Popularity remains steady, regardless of the time of year
He Ara Kotahi’s popularity has remained constant. In its opening weekend 12,000 people used the pathway and over the first six months, 333,000 users were recorded.
Those high user numbers have continued, and as at midday on Thursday 4 June, 602,100 people had used the pathway.
Mayor Grant Smith says the pathway’s popularity has proved many wrong.
"In the early stages we expected about 1,000 people a day would use He Ara Kotahi, but many people in our community didn’t believe it would ever see such high usage. The data from the first year shows that we’re seeing close to double our original estimate of users. This is a great example of why it is so important to invest in infrastructure, and the positive benefits that come from that for our community.”
Mr Smith says the pathway was focused primarily on being a safer commuter route between our city centre and Linton Military Camp and Massey University.
“He Ara Kotahi has been a commuter hit, but we’ve also seen our residents fall back in love with our river for recreational purposes. Families are enjoying the pathway every weekend, events are being staged around the main bridge and we’ve even had engagements and a wedding occur.”
Council Chief Executive Heather Shotter says He Ara Kotahi is a wonderful example of what happens when different partners come on board for the benefit of our city.
“We couldn’t have done this project alone. He Ara Kotahi was funded by the New Zealand Government Urban Cycleways programme, NZ Transport Agency, Palmerston North City Council, Central Energy Trust and Powerco. Rangitāne, Massey University, Horizons Regional Council and the New Zealand Defence Force have been and continue to be key partners in the ongoing work associated with He Ara Kotahi and our river park.
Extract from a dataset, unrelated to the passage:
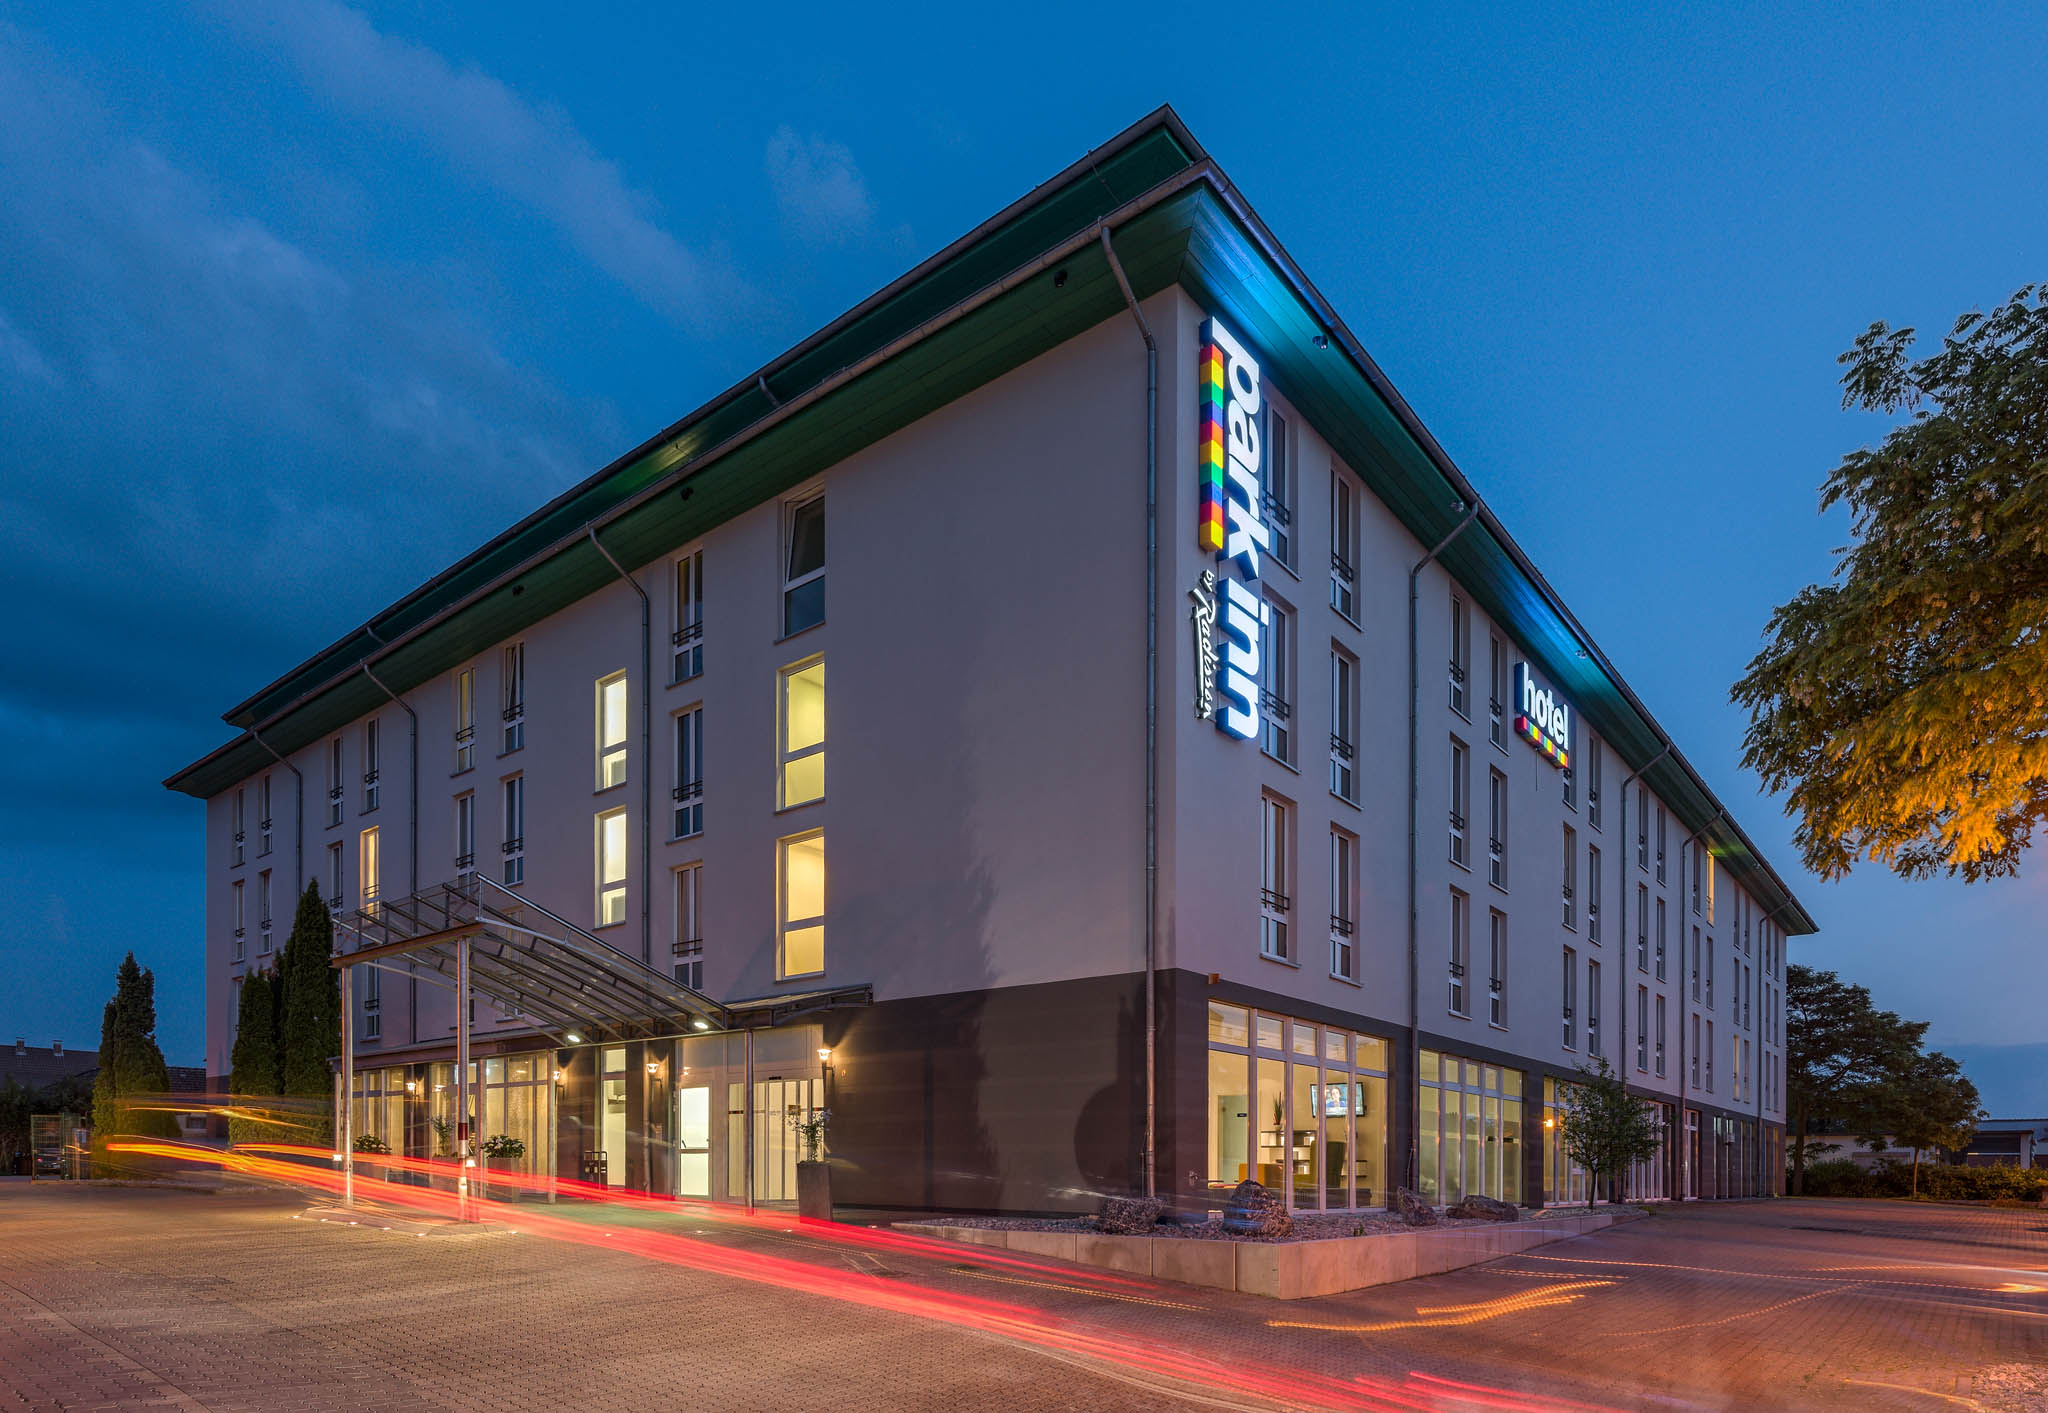 Park inn by radisson hotel g ttingen provent hotels gmbh for Hotels in gottingen und umgebung
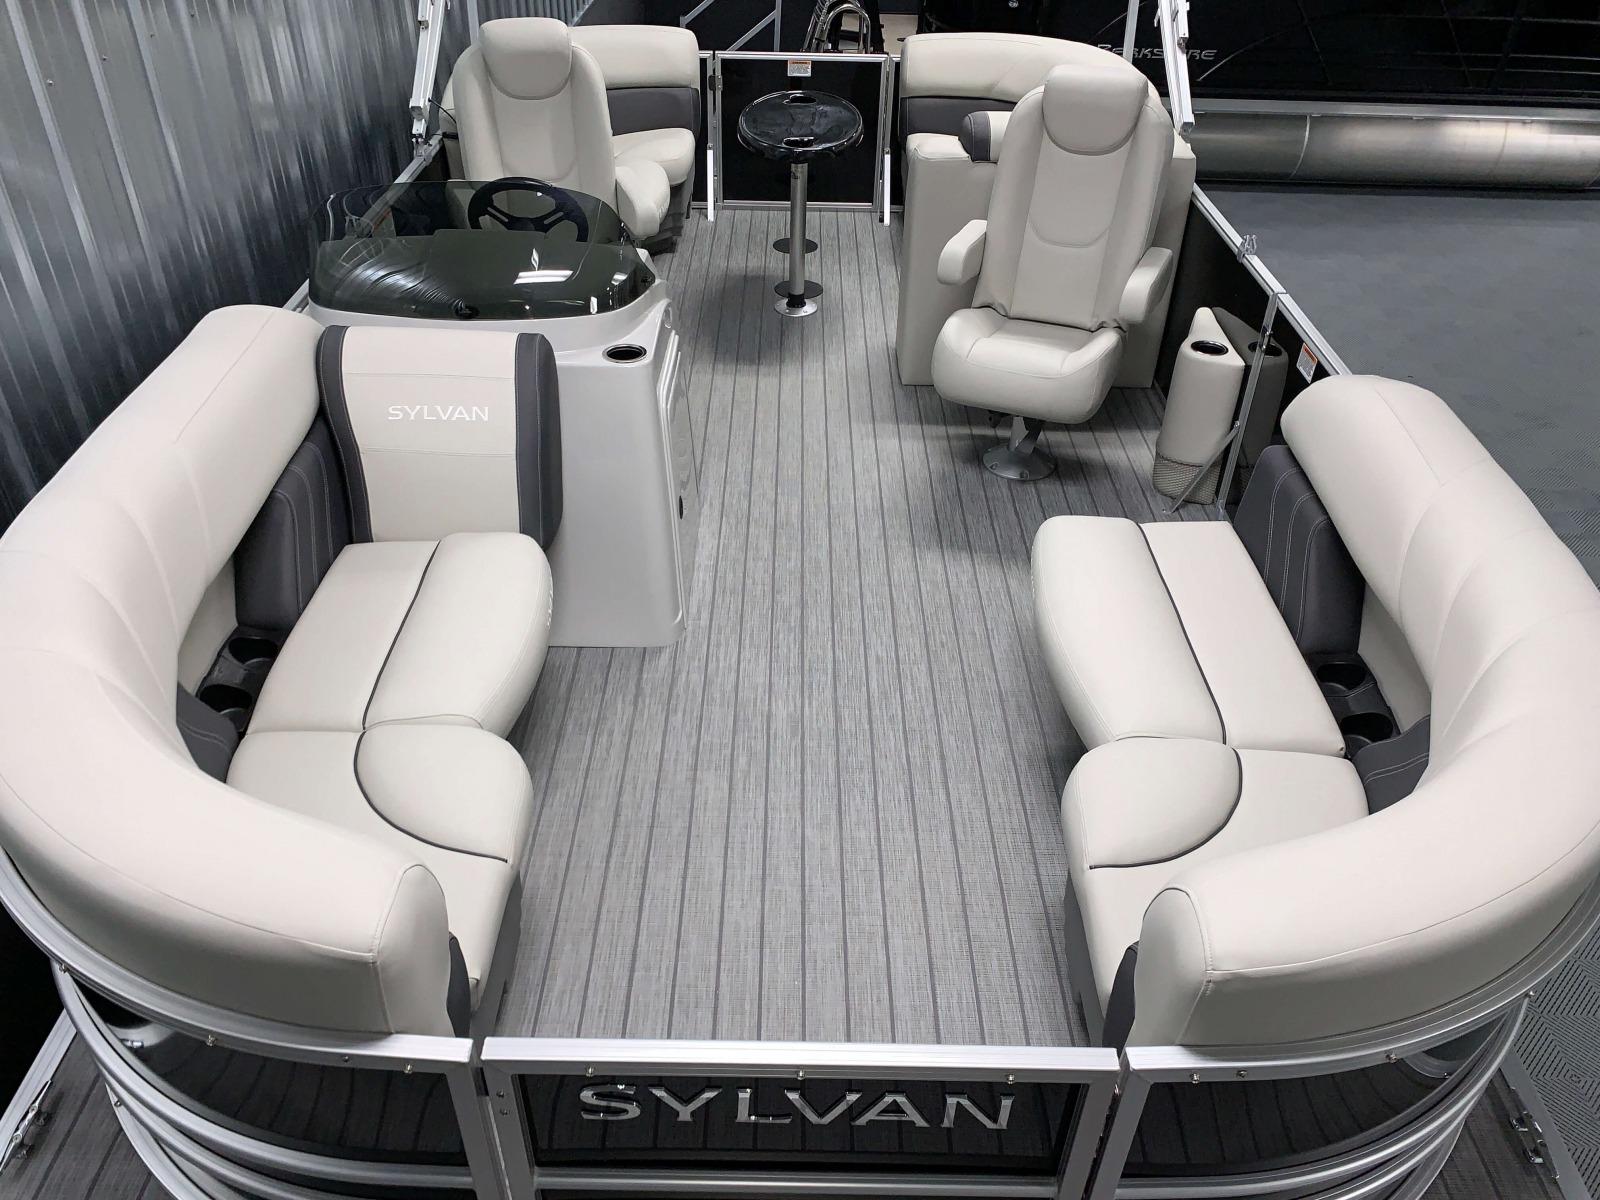 Teak Weave Vinyl Flooring of a 2020 Sylvan Mirage 8520 LZ Tritoon Boat

This partnership means we can bring our Manawatū River Framework to life by working together to ensure there are more things to see and do at our river each year.”
He Ara Kotahi impresses nationally too
In November, He Ara Kotahi scooped up a top transport award. Our new landmark won the Sustainable Transport Leadership category at the NZ Transportation Institute Awards.
We’re also currently finalists in the Living Streets Aotearoa Awards Golden Foot Walking Award category. Winners will be announced next week.
Both awards focus on the recreational and commuter impact He Ara Kotahi has had on our city.
He Ara Kotahi will only get more popular
Since He Ara Kotahi opened, a new toilet block was installed, and the carpark resealed. Over the coming months we’re looking at installing picnic tables and toilets at the Linton end of the pathway.
Urban Eels, which is accessed from He Ara Kotahi, will open this winter. This project, which is being delivered with other partners, will allow people to get up close to see the eels in the Turitea Stream.
Construction will also begin this summer on the new Manawatū River entranceway, which will link the Victoria Esplanade and main bridge. We’ll be releasing artist impressions of the new entranceway, which sits between the Scenic Railway Station and Holiday Park, very soon. Next year we’ll also be looking at beginning construction for the viewing platform that will sit on Turitea Pā – one of the most culturally significant sites along the He Ara Kotahi route.